Almost global solutions of 1D nonlinear Klein-Gordon equations with small weakly decaying initial data

TL;DR

This paper extends the understanding of 1D nonlinear Klein-Gordon equations by demonstrating the existence of almost global solutions with weakly decaying initial data, using dispersive estimates and phase analysis.

Contribution

It establishes almost global existence results for 1D Klein-Gordon equations with weak decay initial data, broadening the class of initial conditions for which solutions persist.

Findings

Solutions exist for longer times with small weighted Sobolev norm initial data.

Almost global solutions are obtained under weaker decay assumptions.

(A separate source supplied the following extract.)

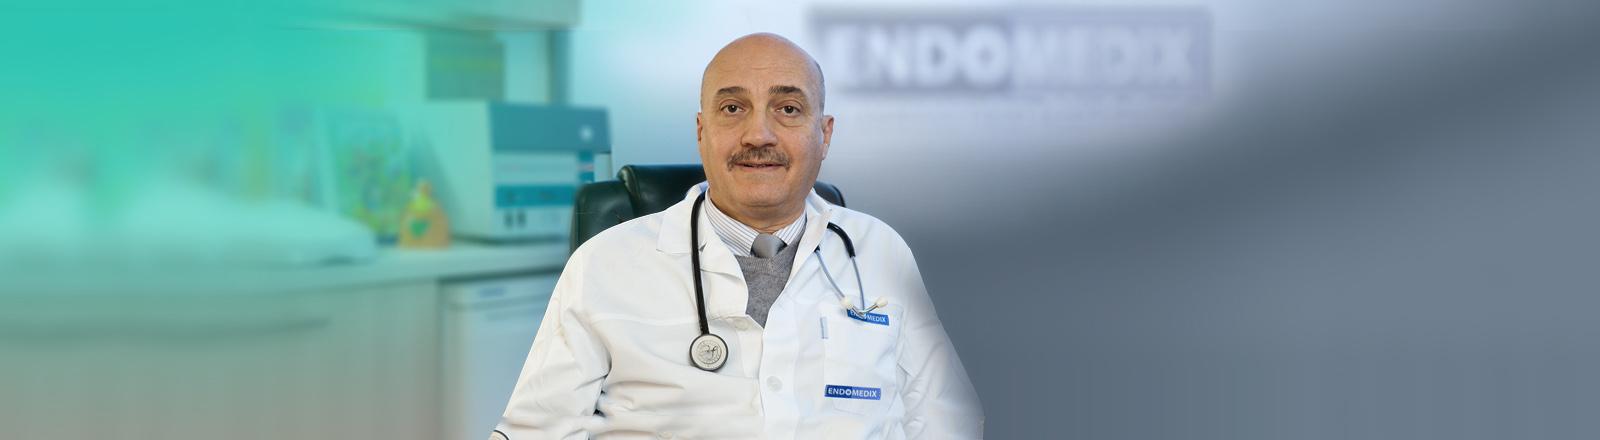 Endomedix Dr. Takáts Alajos

The proof employs dispersive estimates and phase function analysis.

Abstract

It has been known that if the initial data decay sufficiently fast at space infinity, then 1D Klein-Gordon equations with quadratic nonlinearity admit classical solutions up to time $e^{C/\epsilon^2}$ while $e^{C/\epsilon^2}$ is also the upper bound of the lifespan, where $C>0$ is some suitable constant and $\epsilon>0$ is the size of the initial data. In this paper, we will focus on the 1D nonlinear Klein-Gordon equations with weakly decaying initial data. It is shown that if the $H^s$-Sobolev norm with $(1+|x|)^{1/2+}$ weight of the initial data is small, then the almost global solutions exist; if the initial $H^s$-Sobolev norm with $(1+|x|)^{1/2}$ weight is small, then for any $M>0$, the solutions exist on $[0,\epsilon^{-M}]$. Our proof is based on the dispersive estimate with a suitable $Z$-norm and a delicate analysis on the phase function.